# Painting Floor



## jaydeeg (Mar 3, 2008)

I just picked up my new 6x12. I was wondering if anyone had any suggestions about painting or treating the interior floor. Right now its just bare plywood. It seems something should be done to make it last longer and be less slippery. Has anyione had any experiences good or bad? I was considering having it sprayed like a bedliner but was told it will not adhere. Any suggestions would be appreciated.


----------



## jgat (Oct 27, 2006)

The first thing I did was paint the floor of my trailer. Do it before it gets tracked full of footprints. Just use a good quality paint and it should protect the wood for a long time. The idea of painting it with bed liner is intriguing to me. Any of you guys tried this? I am going to get some bed liner to paint the fenders and the diamond plate on the front of my trailer this year.


----------



## djleye (Nov 14, 2002)

I painted the floor of ours and it held up very well. I would be cautious about the bed liner on the floor. It will add a lot of weight, but if, like us, you use bigfoots and just toss them in they could get abraded quickly from that stuff. It is a bit like sandpaper. I would just paint the floor with a good quality paint, and do it right away. Also it helps to caulk the seams where the wood joints are, then you can just hose out the interior when it gets real dirty!!


----------



## BigT (Feb 19, 2008)

I used Hurculiner on my floor and part way up the wall. It works great. It wasn't too bad on price either, probably cheaper than a new floor, and definately cheaper than rino liner


----------



## hunt4P&amp;Y (Sep 23, 2004)

Yep, roll on bed liner. know a couple guys that have used the paint with the sand in it. It works great, but it can beat your deeks up if you don't put them in bags.

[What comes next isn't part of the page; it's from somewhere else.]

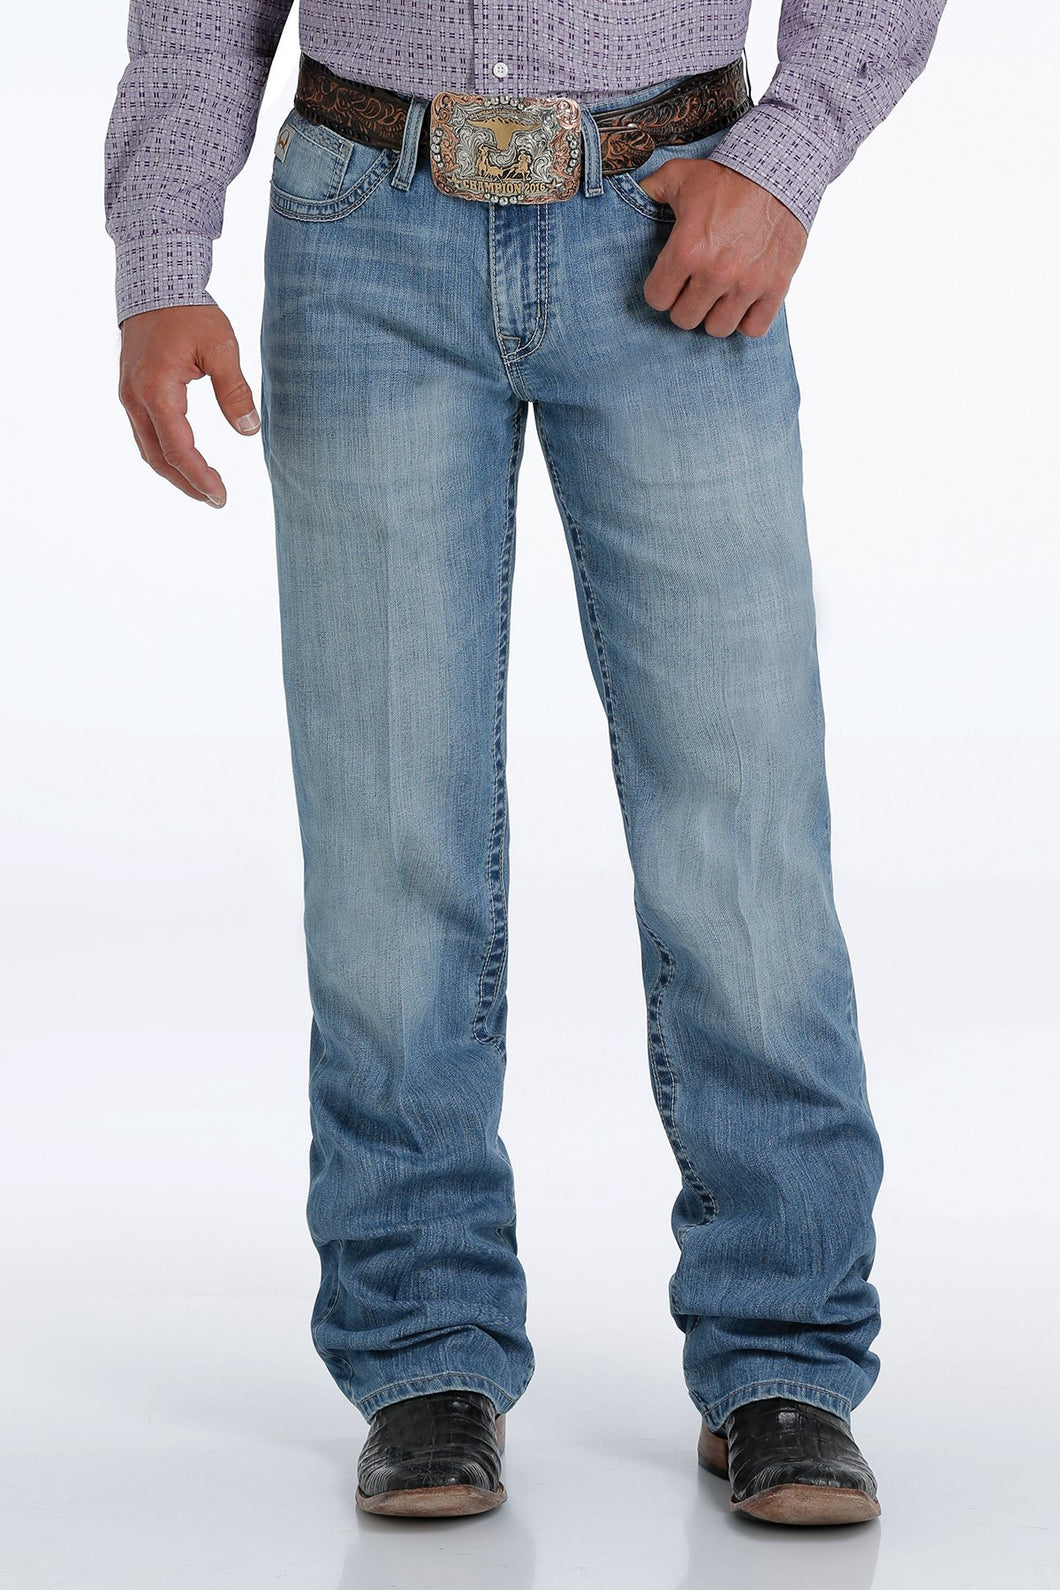 Cinch Grant Relaxed Fit Men's Jean
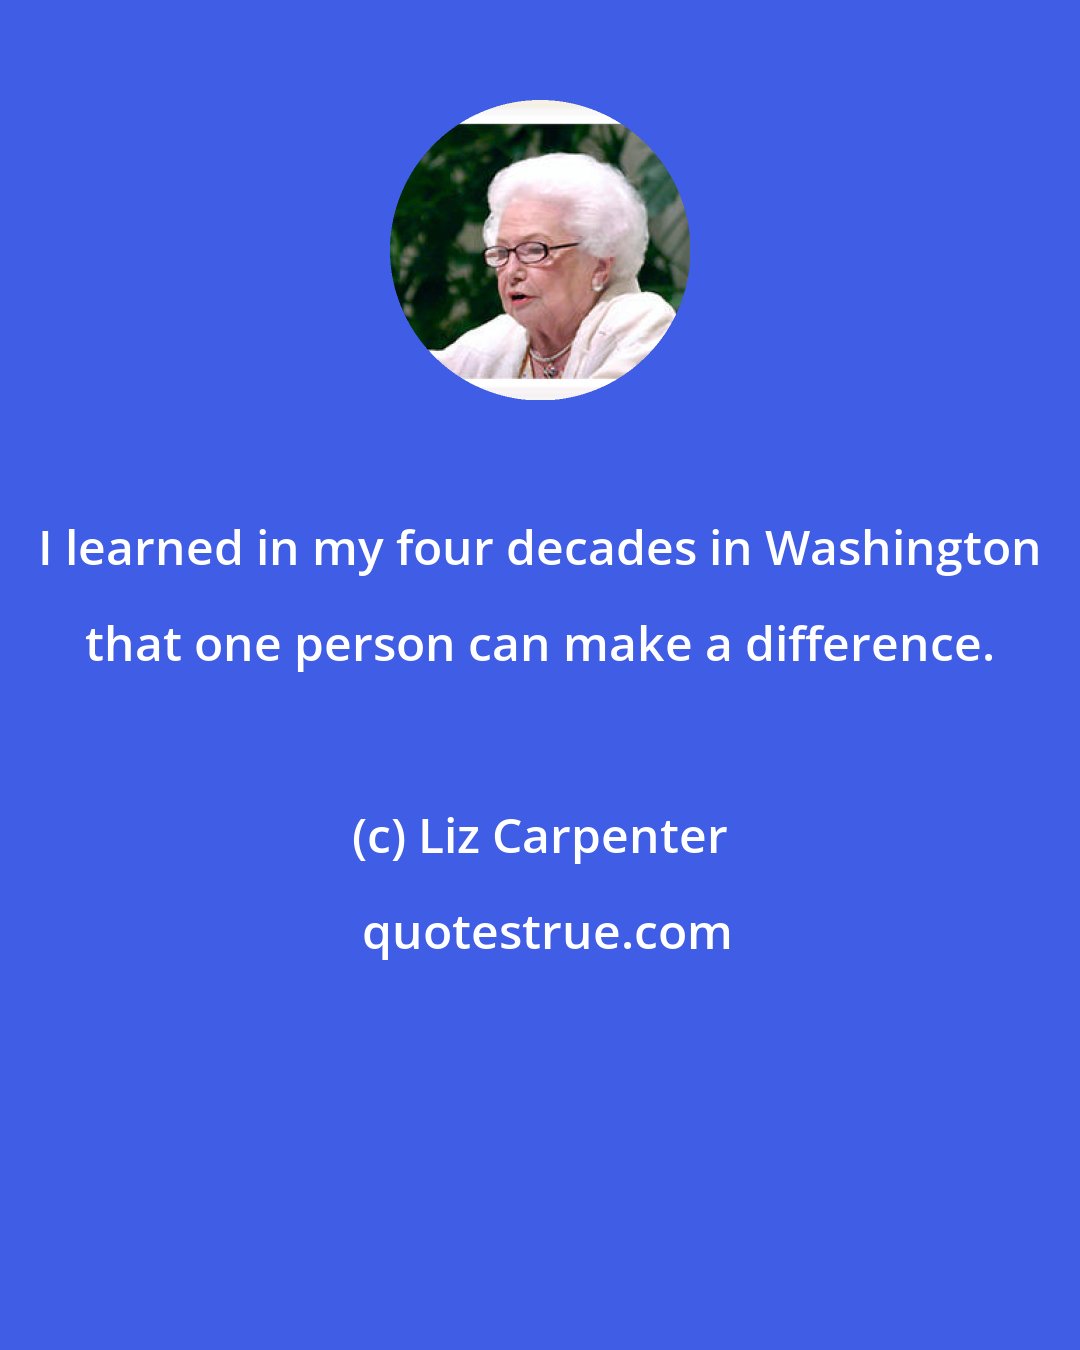 Liz Carpenter: I learned in my four decades in Washington that one person can make a difference.

If you do put them in bags I would go for the paint with sand in it. You won't slip at all! Works great on the ramp door.


----------



## Bigdog (Aug 13, 2003)

I painted mine with an oil based floor paint. Friend of mine used rubber roofing material in his.


----------



## fox412 (Mar 18, 2005)

Use deck stain.(you can get any color you want these days) It is good stuff it cost a little more than paint but will last much longer. You will want to brush and not roll that will make paint or stain last longer. The herculiner also sounds like a good idea.


----------



## jmillercustoms (Dec 11, 2007)

the bedliner thing will work if they do it right and use a good quality bedliner material, i used to work at the chevy dealer in jamestown and we did a couple enclosed trailers with Reflex Bedliner, the stuff is tuff and not nearly as abrasive as a rhino liner, they looked pretty sweet when we got done with them, we used some form of a adhesion promoter and for the life of me i cant remember what it was, any Reflex dealer should be able to contact the company and they would tell the dealer what to use on it to get good adhesion as far as the slip-resistance of it i dont know never got it wet but i know that **** will stick to anything!


----------



## goosechaser (Sep 2, 2004)

I caulked the edges between the floor and the wall and then I used a gray paint with sand in it to paint the floor. I put two coats on and it has held up well. I then primed the walls and then painted them with a white latex paint. It really helps to light things up at dark 30 in the morning.

Goosechaser


----------